第四方面,本申请还提供了一种计算机可读存储介质,所述计算机可读存储介质存储有计算机程序,所述计算机程序被处理器执行时使所述处理器实现如下步骤:将目标单语句输入预设的目标Bert模型,所述目标Bert模型为通过将Bert模型中所包含的语句分割嵌入输入层替换为预设外部信息编码输入层而构建,其中,所述外部信息编码输入层为实现提取所述目标单语句中所包含的预设的外部信息而预设的输入层,所述外部信息为所述目标单语句中对所对应自然语言处理任务起作用的预设信息,所述目标单语句为所述自然语言处理任务为获得语音语义结果而对所述目标单语句进行语音语义处理的目标对象,所述预设信息包括分词依存关系及词性标注信息;根据所述预设的目标Bert模型对所述目标单语句进行预处理,得到所述目标单语句所对应的目标向量,所述目标向量中包含所述目标单语句通过所述预设外部信息编码输入层而得到的对应外部信息编码,其中,所述外部信息编码为分词依存关系编码或者词性标注信息编码;将所述目标向量输入至预设自然语言处理模型;根据所述预设自然语言处理模型对所述目标向量进行语音语义处理,得到所述单语句所对应的语音语义处理结果。

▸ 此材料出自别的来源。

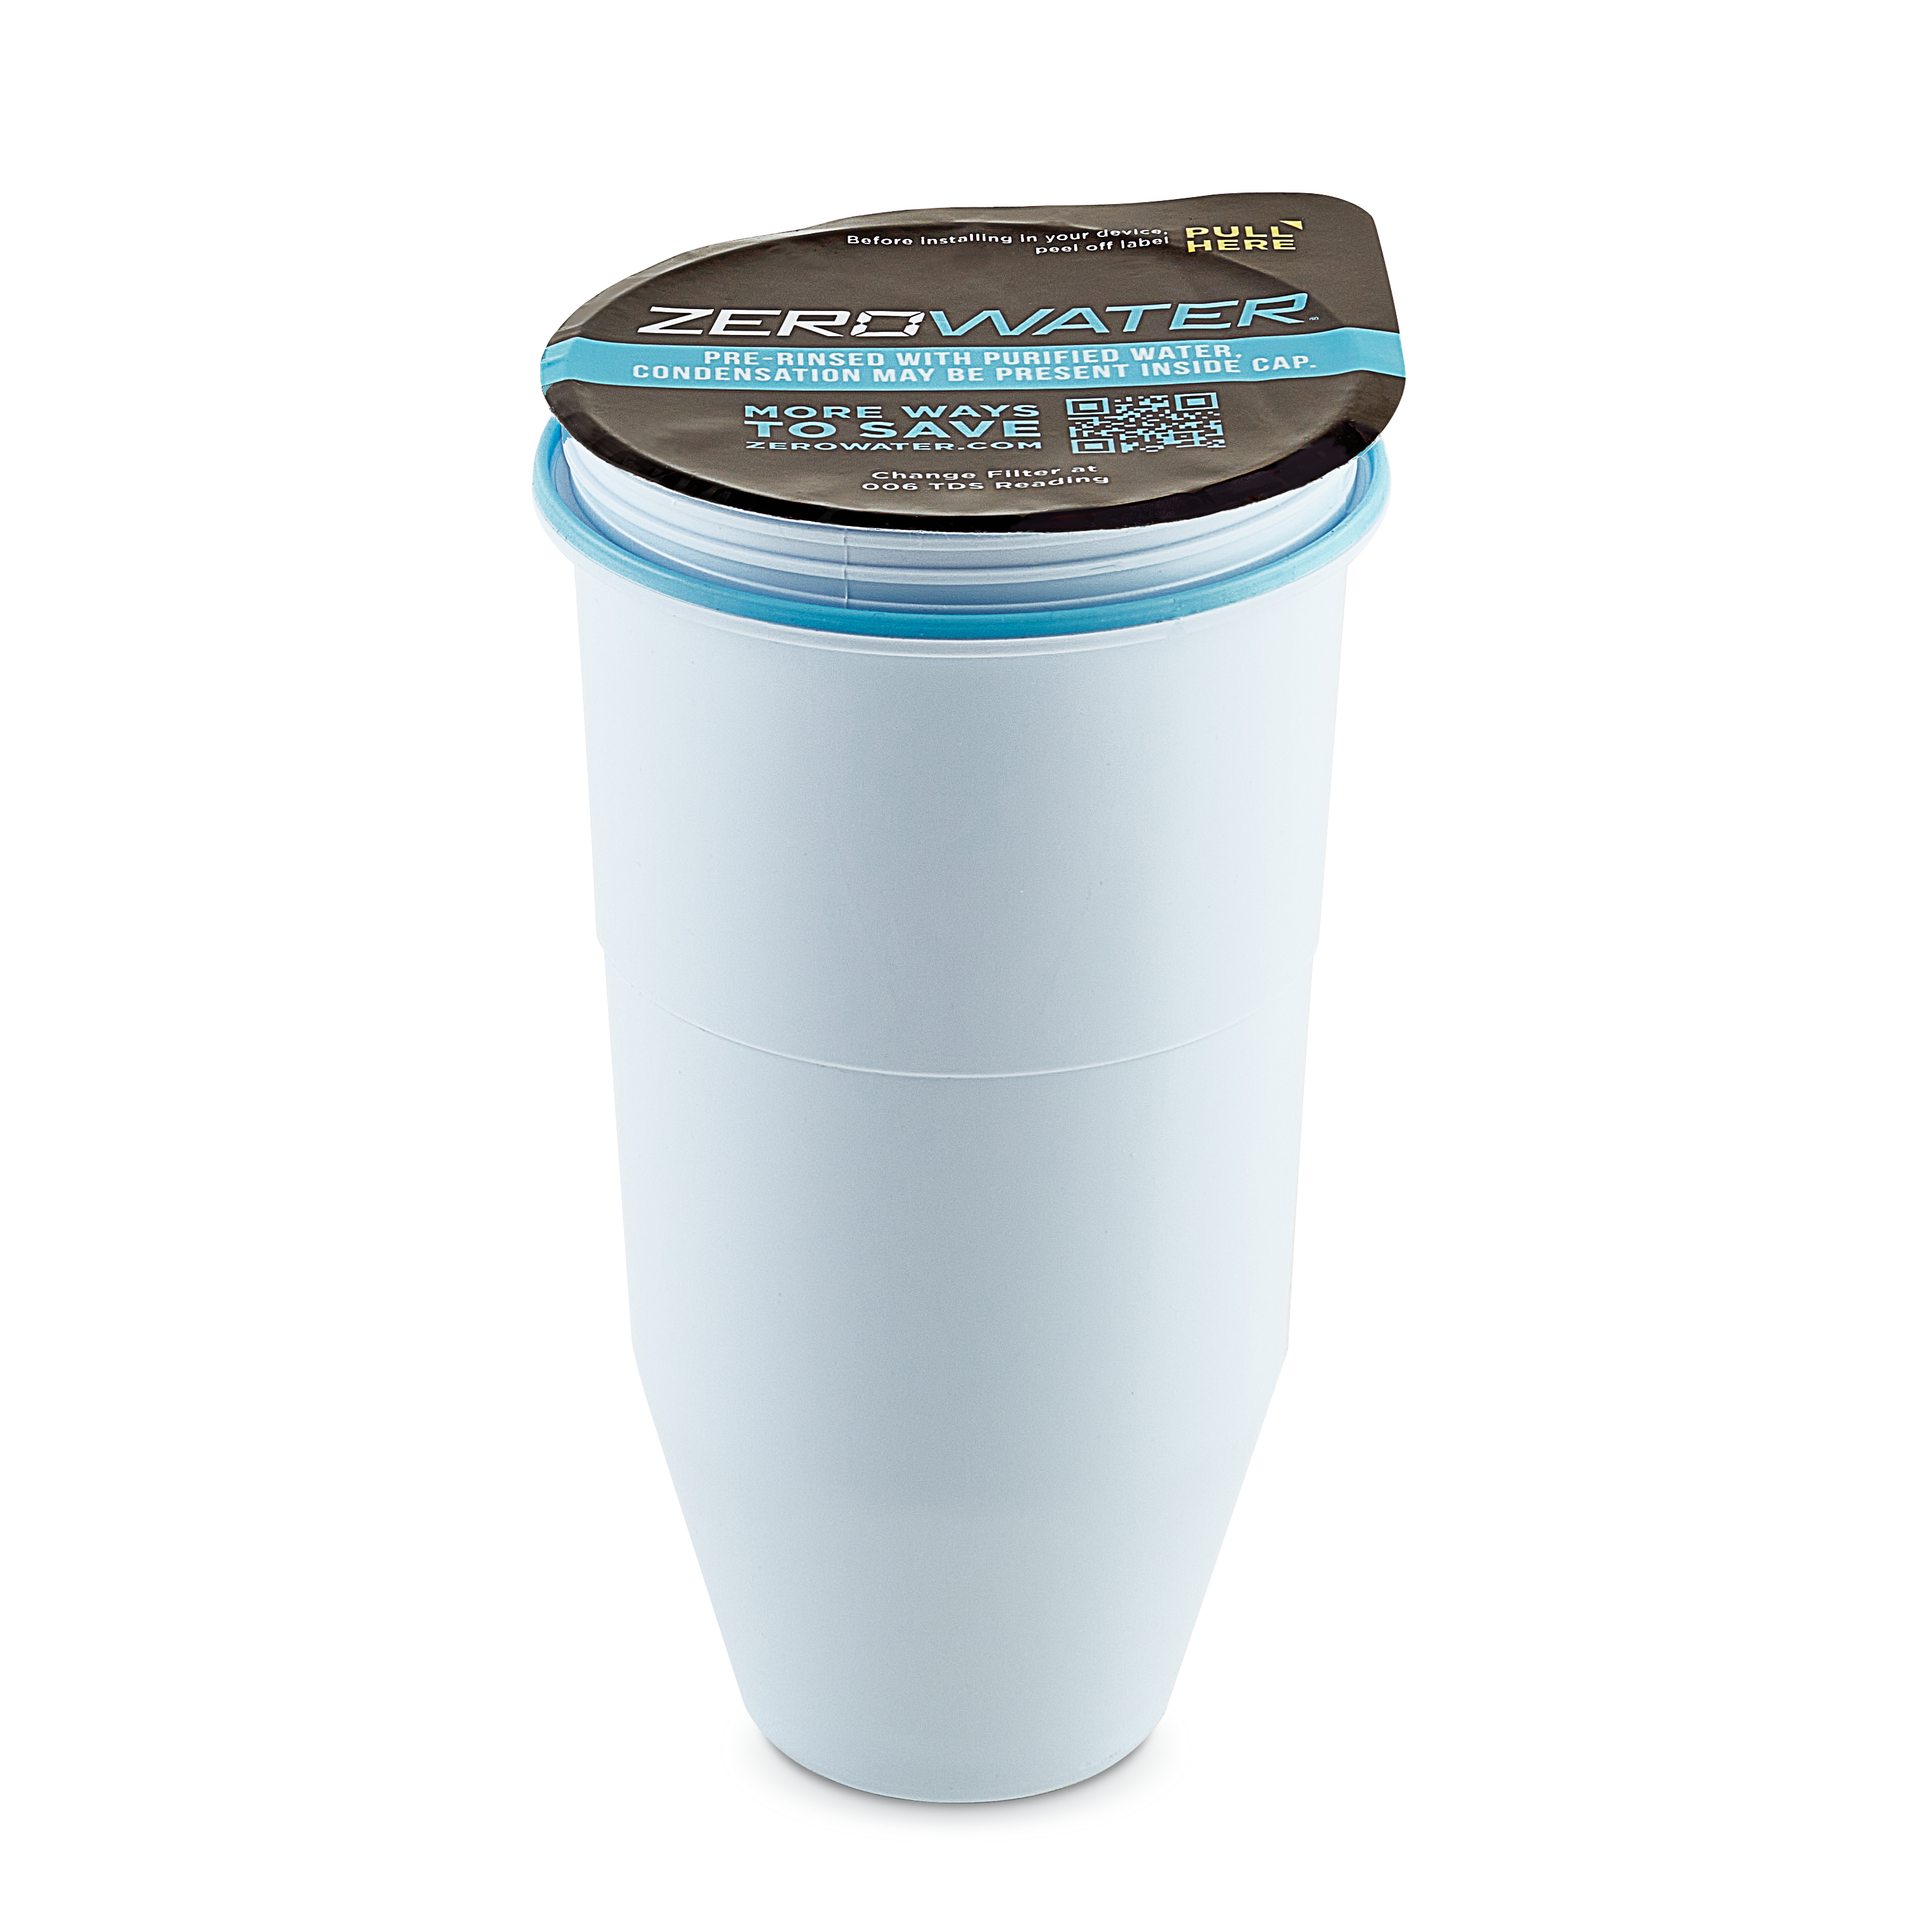 Angle View: Water Filter for Dacor Side-by-Side Refrigeration - White
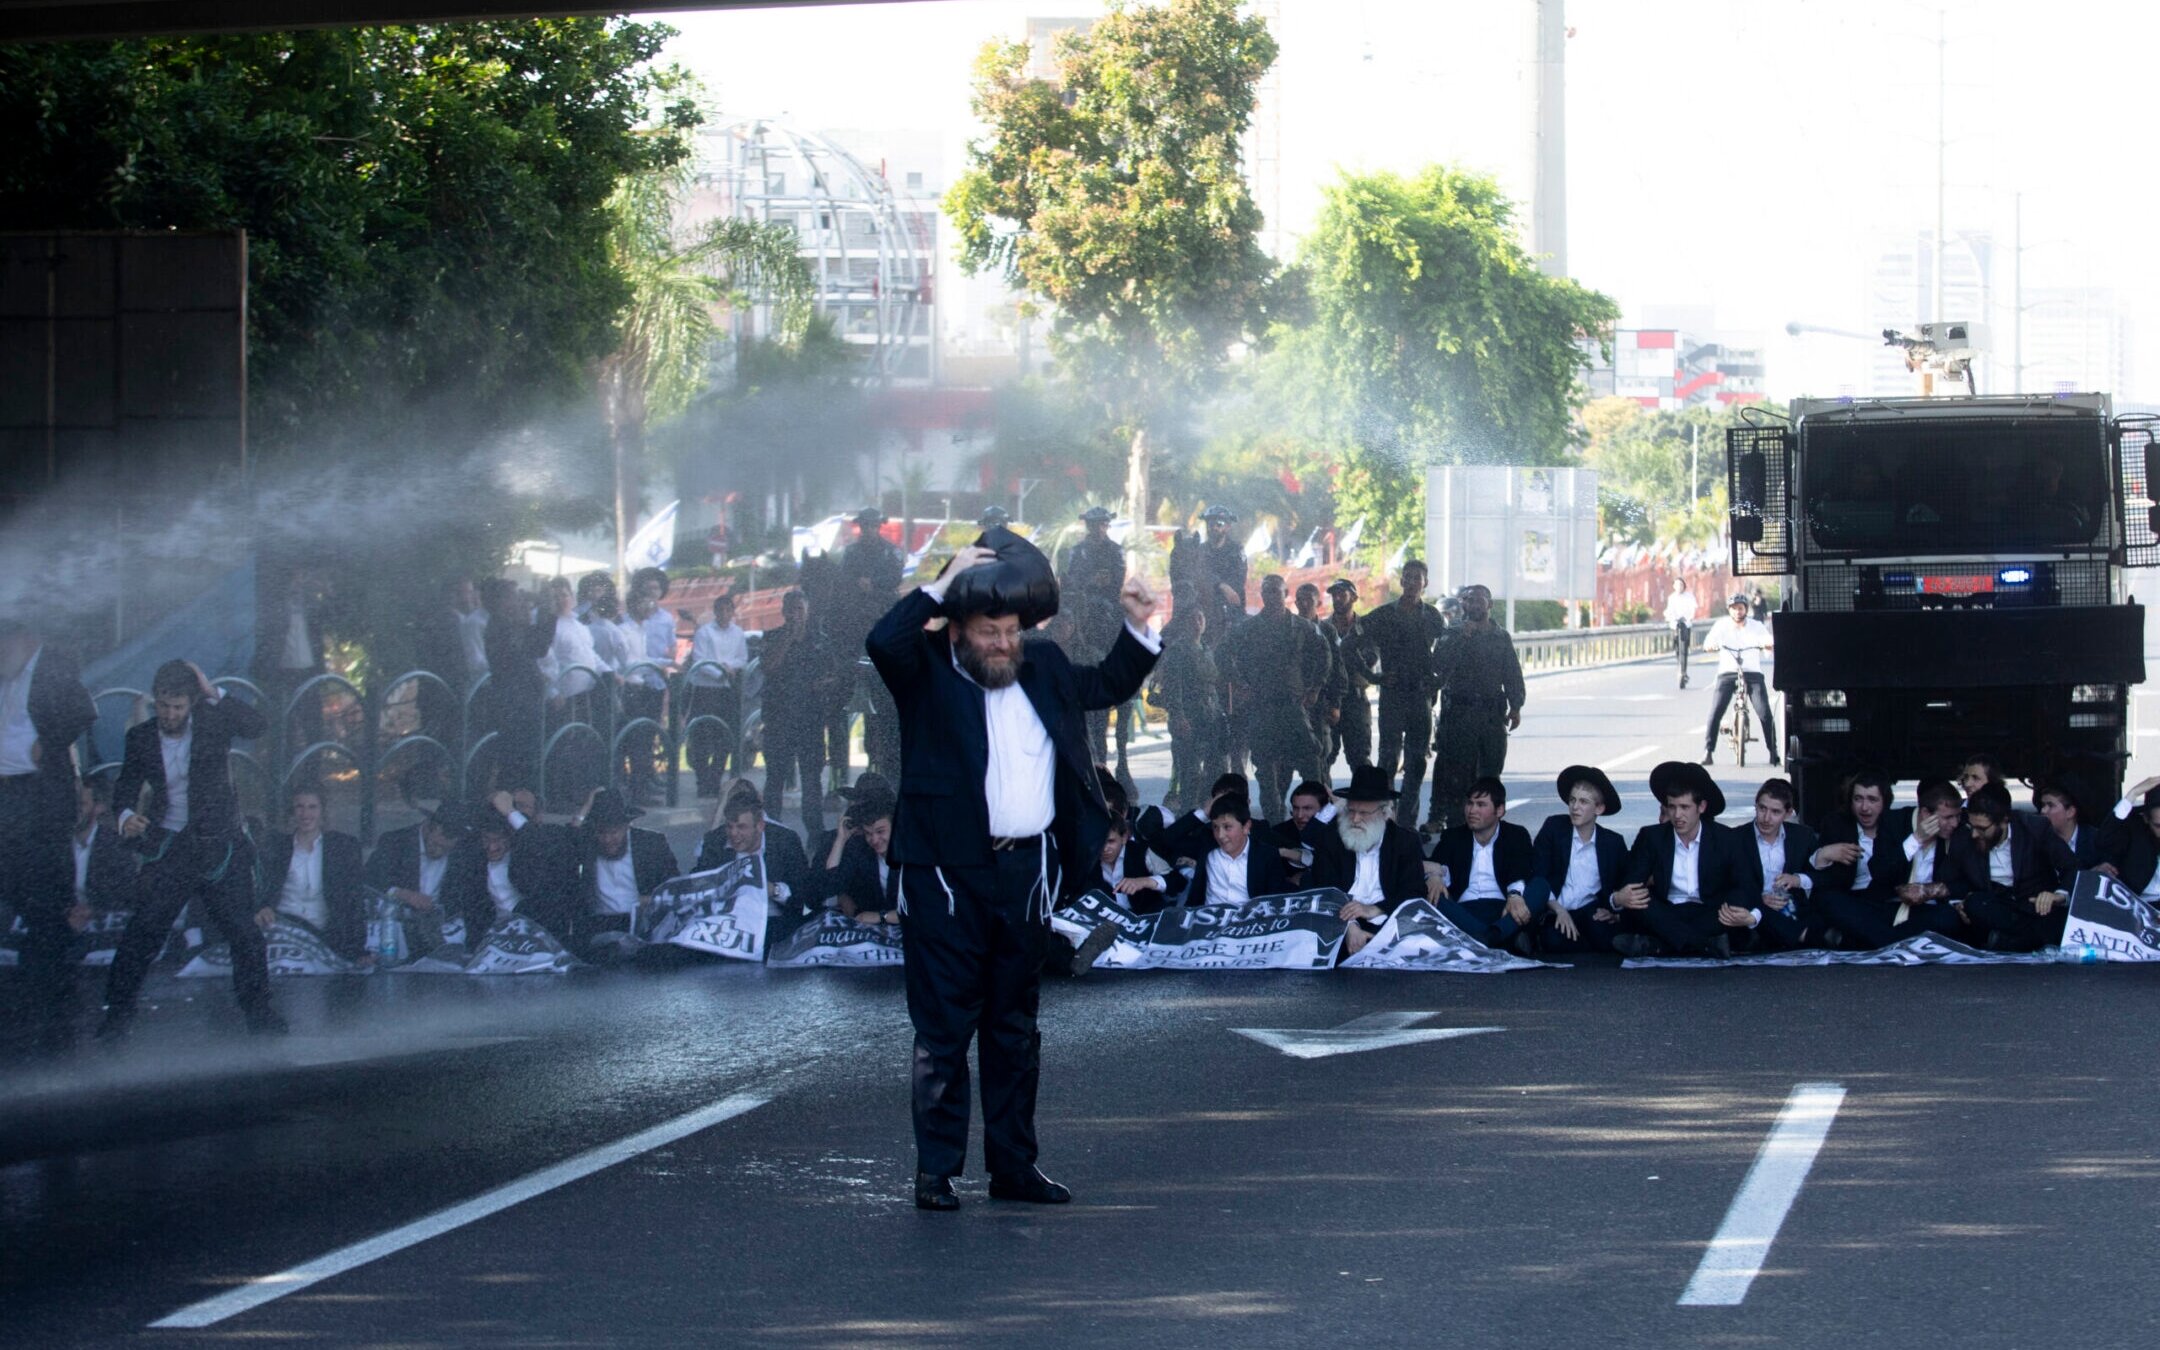 Police officers use water cannons as haredi Orthodox Jewish men block a main highway during a protest against drafting into the Israeli army on June 2, 2024 in Bnei Brak, Israel. (Amir Levy/Getty Images)

本申请由于所述预设的目标Bert模型为通过将Bert模型中所包含的语句分割嵌入输入层替换为预设外部信息编码输入层而构建,其中,所述外部信息编码输入层为实现提取目标单语句中所包含的预设外部信息而预设的输入层,所述外部信息为所述目标单语句中所包含的对所述目标单语句所对应的语音语义处理任务起作用的预设信息,针对语音语义任务所对应的自然语言处理,尤其针对目标单语句下游的自然语言处理模型所进行的语音语义处理任务,通过将目标单语句中有效的外部信息通过替换后的预设外部信息编码输入层传输至下游自然语言处理模型,可以有效增强下游自然语言处理模型抓取目标单语句信息的能力,能够提升语音语义处理的准确性和处理质量,从而增强下游自然语言处理模型的语音语义处理效果。
附图说明
为了更清楚地说明本申请实施例技术方案,下面将对实施例描述中所需要使用的附图作简单地介绍,显而易见地,下面描述中的附图是本申请的一些实施例,对于本领域普通技术人员来讲,在不付出创造性劳动的前提下,还可以根据这些附图获得其他的附图。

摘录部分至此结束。